The lights were dim and someone was waving flashlights spastically from somewhere in the room, and the darkness was dotted with glow sticks. Everyone was milled around in clumps as they talked loudly over the Beach Boys blaring from a medium-sized silver stereo at the front of the room. Chairs were set up in a crescent around a large piano in the center of the room. The walls, or what I could see of the wall in the lack of proper lighting, were covered with everything from award plaques to pictures of the concert choir performing tamely in their Puritanical black dresses and immaculate tuxes, only to be partnered with miscellaneous fake mustaches stuck to the wall, one of them peeling and clinging to life next to a picture of a shot of a group of students holding guitars like Stanley Cup trophies. A chicken hat was hanging from the front board from a toy arrow with a suction cup instead of a point.

This place was like my mind put on a choir dress and exploded.

I felt my jaw drop, and Norma and Kline burst out laughing as they pulled me into the room a few more steps, the door closing unnoticeably behind me, trapping me in a room full of awesome maniacs. No one turned to stare at us even if they must have noticed the girl in mismatching colors and a tutu standing in the doorway and staring at the sight in front of me with a mixture of both horror and wonder. If they saw me, which I noticed they did, their eyes didn’t linger for long. I belonged here in this room of partying choir kids more than I belonged to the rest of the school, and I guess we could both accept that for what it was worth. It was a nice change, not being stared at.

I would have to be as blind as Stevie Wonder not to see that I would fit in here.

The bell rang, though I didn’t know how it was even heard over the chaos, and a collective sigh rang through the room. The flashlights flickered off and the glow sticks were shoved back into backpacks and pockets and the bright overhead lights came on. The music stopped playing and the voices quieted down to an acceptable hum as the bodies all waded calmly into the cluster of chairs, looking patiently at the front of the classroom as they waited for something to happen. I turned to ask Norma what they were looking at only to realize that she and Kline had already abandoned me, leaving me standing there a couple of steps from the doorway. I spotted them in the crowded crescent of chairs on opposite sides, smirking evilly, waiting as well.

Well, at least I rested assured that we were definitely friends—acquaintances would never have gotten over the guilt of just abandoning me in a strange situation like this one. Friends? In a heartbeat.

Despite the cheesy warmness in my tummy from that realization of mine, the thought that I was still awkwardly hovering on the fringes of a very bipolar school chorus was still very fresh on my mind.

An average-sized man wearing khakis and a bright Hawaiian shirt stumbled out of an adjoining office, his eyes gazing around, already knowing to look for me. He had these naturally wide blue eyes and white hair that stood straight up about four inches from his head. He wasn’t domineering of build, but I could feel his character and personality crashing down on me like a tsunami from here. He looked over at me and a wide smile washed over his face that could have also been classified as the grin of an evil scientist.

“New student!” he hollered into the classroom, his voice loud but not Colonel-loud. He started for me, grinning. “I’ve heard about you today—what is your name again?”

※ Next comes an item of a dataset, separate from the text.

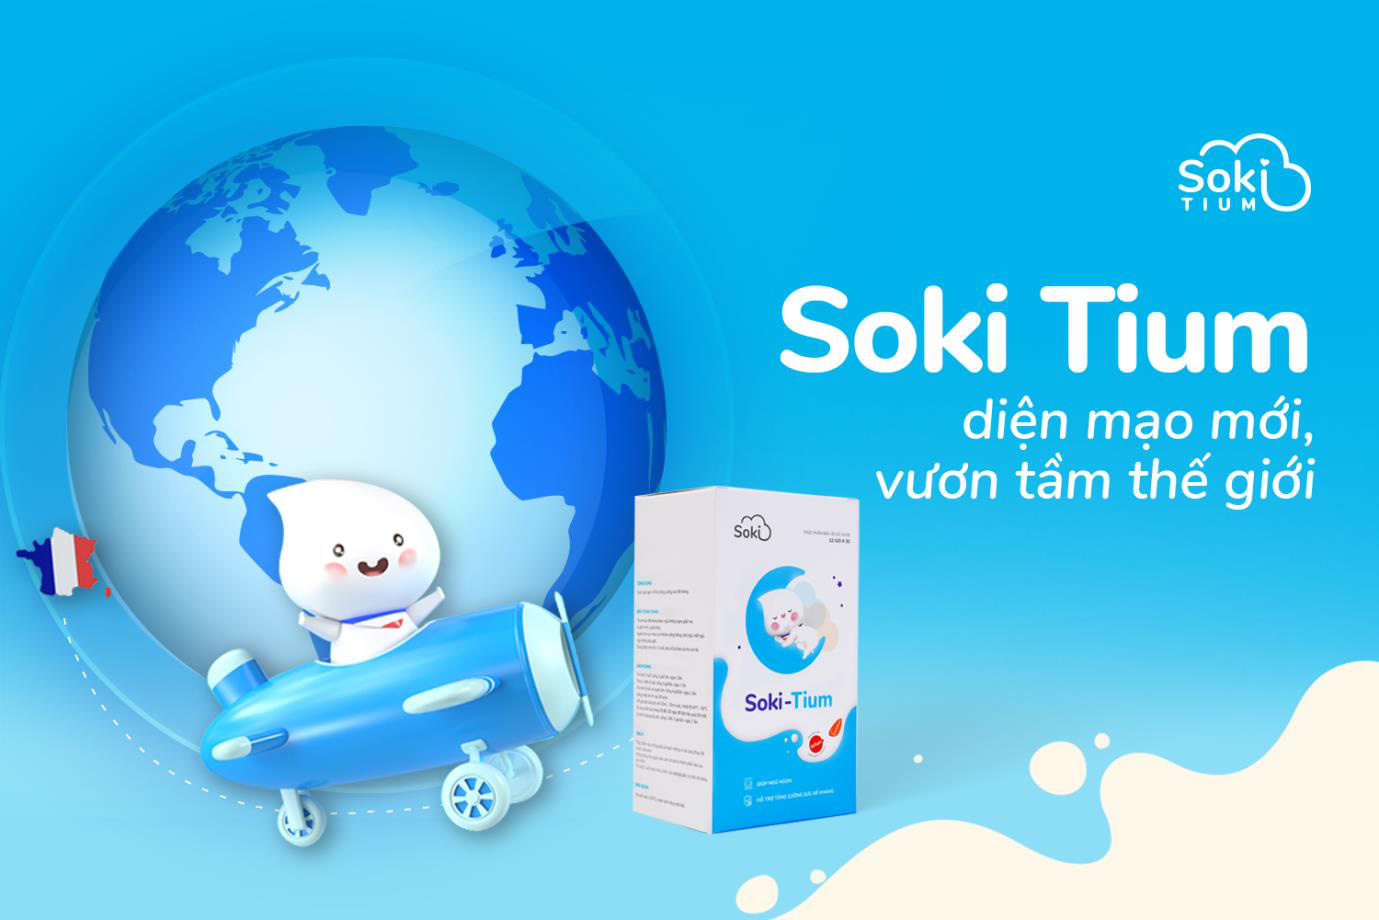 Soki Tium “thay áo mới”, hứa hẹn mang đến trải nghiệm tối ưu cho khách hàng - Ảnh 1.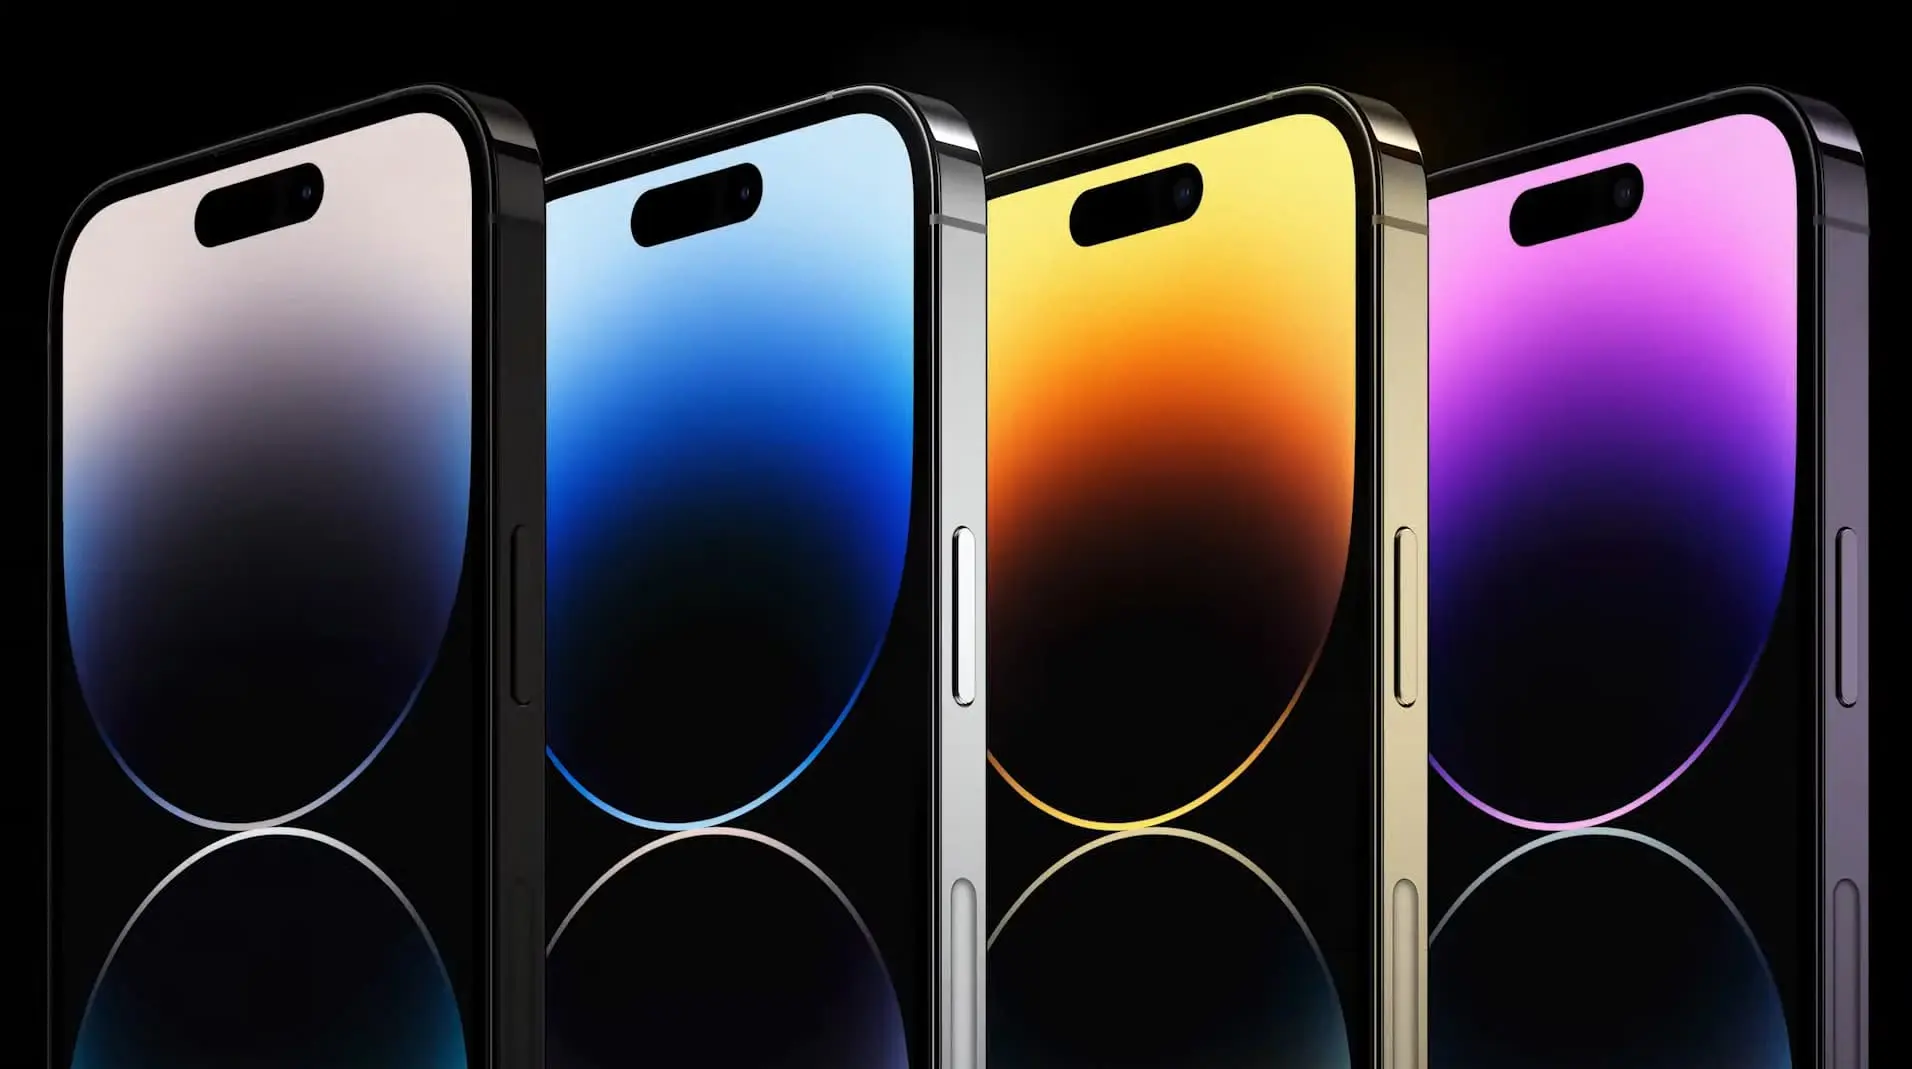 vier iphones in de kleuren zwart, wit, geel en paars op een donkere achtergrond

“Lena Mallory,” I told him, and he started nodding.

“Does your brother go here?” he asked me, but didn’t wait for an answer. “I have him in my guitar class.”

“I am so sorry,” I told him pityingly, but he laughed because he still obviously had no idea that my brother was undeniably tone deaf and thought that he was a total rock god. He smiled kindly at me before gesturing toward the giant crowd of staring eyes. I looked back without crying, barely.